Task objective
What lines of the material hold the string "Blue"? Pull each of them out.

• • • • • • •

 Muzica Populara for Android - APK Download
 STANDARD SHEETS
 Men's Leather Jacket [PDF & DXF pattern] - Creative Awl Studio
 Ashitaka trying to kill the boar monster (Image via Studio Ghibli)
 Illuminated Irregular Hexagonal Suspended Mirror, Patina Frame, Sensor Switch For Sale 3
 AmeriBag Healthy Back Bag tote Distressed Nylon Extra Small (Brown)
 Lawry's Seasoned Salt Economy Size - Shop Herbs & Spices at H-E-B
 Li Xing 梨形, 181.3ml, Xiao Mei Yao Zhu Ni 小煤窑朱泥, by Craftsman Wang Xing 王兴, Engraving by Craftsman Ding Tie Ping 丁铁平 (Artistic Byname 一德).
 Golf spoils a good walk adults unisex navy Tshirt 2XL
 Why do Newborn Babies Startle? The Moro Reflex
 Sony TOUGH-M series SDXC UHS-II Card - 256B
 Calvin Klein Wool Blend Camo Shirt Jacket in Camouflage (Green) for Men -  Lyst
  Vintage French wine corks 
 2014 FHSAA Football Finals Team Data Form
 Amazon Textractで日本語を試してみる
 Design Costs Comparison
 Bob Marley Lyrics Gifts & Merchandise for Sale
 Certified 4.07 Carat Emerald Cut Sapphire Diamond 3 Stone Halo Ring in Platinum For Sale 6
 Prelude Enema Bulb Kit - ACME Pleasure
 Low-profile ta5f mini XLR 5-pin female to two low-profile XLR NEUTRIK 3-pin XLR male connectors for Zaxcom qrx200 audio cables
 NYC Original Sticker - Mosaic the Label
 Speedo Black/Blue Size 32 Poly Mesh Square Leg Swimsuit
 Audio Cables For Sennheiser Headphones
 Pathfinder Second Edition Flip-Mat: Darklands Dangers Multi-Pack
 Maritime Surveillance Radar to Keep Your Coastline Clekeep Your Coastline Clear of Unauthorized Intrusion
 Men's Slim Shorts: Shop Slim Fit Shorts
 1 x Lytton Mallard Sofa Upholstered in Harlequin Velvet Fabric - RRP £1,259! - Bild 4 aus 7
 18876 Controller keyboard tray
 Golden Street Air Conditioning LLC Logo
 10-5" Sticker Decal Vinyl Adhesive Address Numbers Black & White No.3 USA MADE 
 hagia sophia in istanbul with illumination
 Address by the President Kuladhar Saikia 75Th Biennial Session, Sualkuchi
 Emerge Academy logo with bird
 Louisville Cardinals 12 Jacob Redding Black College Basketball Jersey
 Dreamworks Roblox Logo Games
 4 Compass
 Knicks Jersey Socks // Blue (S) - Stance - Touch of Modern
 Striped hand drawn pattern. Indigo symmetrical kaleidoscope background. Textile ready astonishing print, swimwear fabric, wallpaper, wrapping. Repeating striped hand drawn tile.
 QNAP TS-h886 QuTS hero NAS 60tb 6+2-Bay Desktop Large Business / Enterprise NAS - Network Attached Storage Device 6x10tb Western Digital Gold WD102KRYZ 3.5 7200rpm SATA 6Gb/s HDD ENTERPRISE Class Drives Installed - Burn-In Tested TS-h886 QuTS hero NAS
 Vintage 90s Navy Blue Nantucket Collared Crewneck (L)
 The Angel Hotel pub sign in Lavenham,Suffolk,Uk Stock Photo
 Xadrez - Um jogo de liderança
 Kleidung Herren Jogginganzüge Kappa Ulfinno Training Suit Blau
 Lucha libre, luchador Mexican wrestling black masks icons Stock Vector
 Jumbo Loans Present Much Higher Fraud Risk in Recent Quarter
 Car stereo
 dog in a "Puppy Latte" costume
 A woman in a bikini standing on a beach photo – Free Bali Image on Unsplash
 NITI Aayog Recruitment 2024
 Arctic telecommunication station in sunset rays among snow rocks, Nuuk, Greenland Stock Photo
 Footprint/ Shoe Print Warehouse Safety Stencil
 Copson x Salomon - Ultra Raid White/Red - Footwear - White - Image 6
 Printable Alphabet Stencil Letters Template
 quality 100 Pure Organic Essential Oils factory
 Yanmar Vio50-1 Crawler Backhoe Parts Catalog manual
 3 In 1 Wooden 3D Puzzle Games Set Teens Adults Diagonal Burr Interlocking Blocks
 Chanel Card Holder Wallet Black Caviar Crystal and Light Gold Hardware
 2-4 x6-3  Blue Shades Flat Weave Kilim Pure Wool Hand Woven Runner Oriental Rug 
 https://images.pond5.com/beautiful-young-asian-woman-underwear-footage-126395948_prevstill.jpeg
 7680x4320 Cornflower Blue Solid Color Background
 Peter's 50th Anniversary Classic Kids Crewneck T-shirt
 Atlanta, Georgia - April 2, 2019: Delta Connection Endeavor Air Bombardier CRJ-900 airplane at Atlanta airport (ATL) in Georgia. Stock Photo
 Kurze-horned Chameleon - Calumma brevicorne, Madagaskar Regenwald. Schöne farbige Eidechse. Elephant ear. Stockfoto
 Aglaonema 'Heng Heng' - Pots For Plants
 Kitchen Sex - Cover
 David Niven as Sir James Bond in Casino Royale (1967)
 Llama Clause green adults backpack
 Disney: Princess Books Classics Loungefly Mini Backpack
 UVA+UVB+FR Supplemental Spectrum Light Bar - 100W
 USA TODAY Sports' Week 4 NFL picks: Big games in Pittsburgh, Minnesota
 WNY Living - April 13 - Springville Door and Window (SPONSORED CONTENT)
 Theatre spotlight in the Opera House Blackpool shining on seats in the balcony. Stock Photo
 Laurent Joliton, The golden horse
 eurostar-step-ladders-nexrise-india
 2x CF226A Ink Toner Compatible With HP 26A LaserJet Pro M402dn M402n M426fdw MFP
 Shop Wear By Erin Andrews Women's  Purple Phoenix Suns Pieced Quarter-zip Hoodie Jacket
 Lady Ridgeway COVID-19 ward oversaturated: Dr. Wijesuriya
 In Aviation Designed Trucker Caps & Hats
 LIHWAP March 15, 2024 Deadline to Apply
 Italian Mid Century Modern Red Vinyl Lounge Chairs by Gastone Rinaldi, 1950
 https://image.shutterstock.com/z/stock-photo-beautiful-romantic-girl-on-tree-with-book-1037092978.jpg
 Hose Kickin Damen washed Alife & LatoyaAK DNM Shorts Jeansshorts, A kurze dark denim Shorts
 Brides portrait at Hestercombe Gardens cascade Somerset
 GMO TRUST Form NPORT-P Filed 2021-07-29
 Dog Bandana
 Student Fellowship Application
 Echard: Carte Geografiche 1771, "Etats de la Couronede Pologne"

• • • • • • •

Output for this task
 Speedo Black/Blue Size 32 Poly Mesh Square Leg Swimsuit
 Knicks Jersey Socks // Blue (S) - Stance - Touch of Modern
 Vintage 90s Navy Blue Nantucket Collared Crewneck (L)
 2-4 x6-3  Blue Shades Flat Weave Kilim Pure Wool Hand Woven Runner Oriental Rug 
 7680x4320 Cornflower Blue Solid Color Background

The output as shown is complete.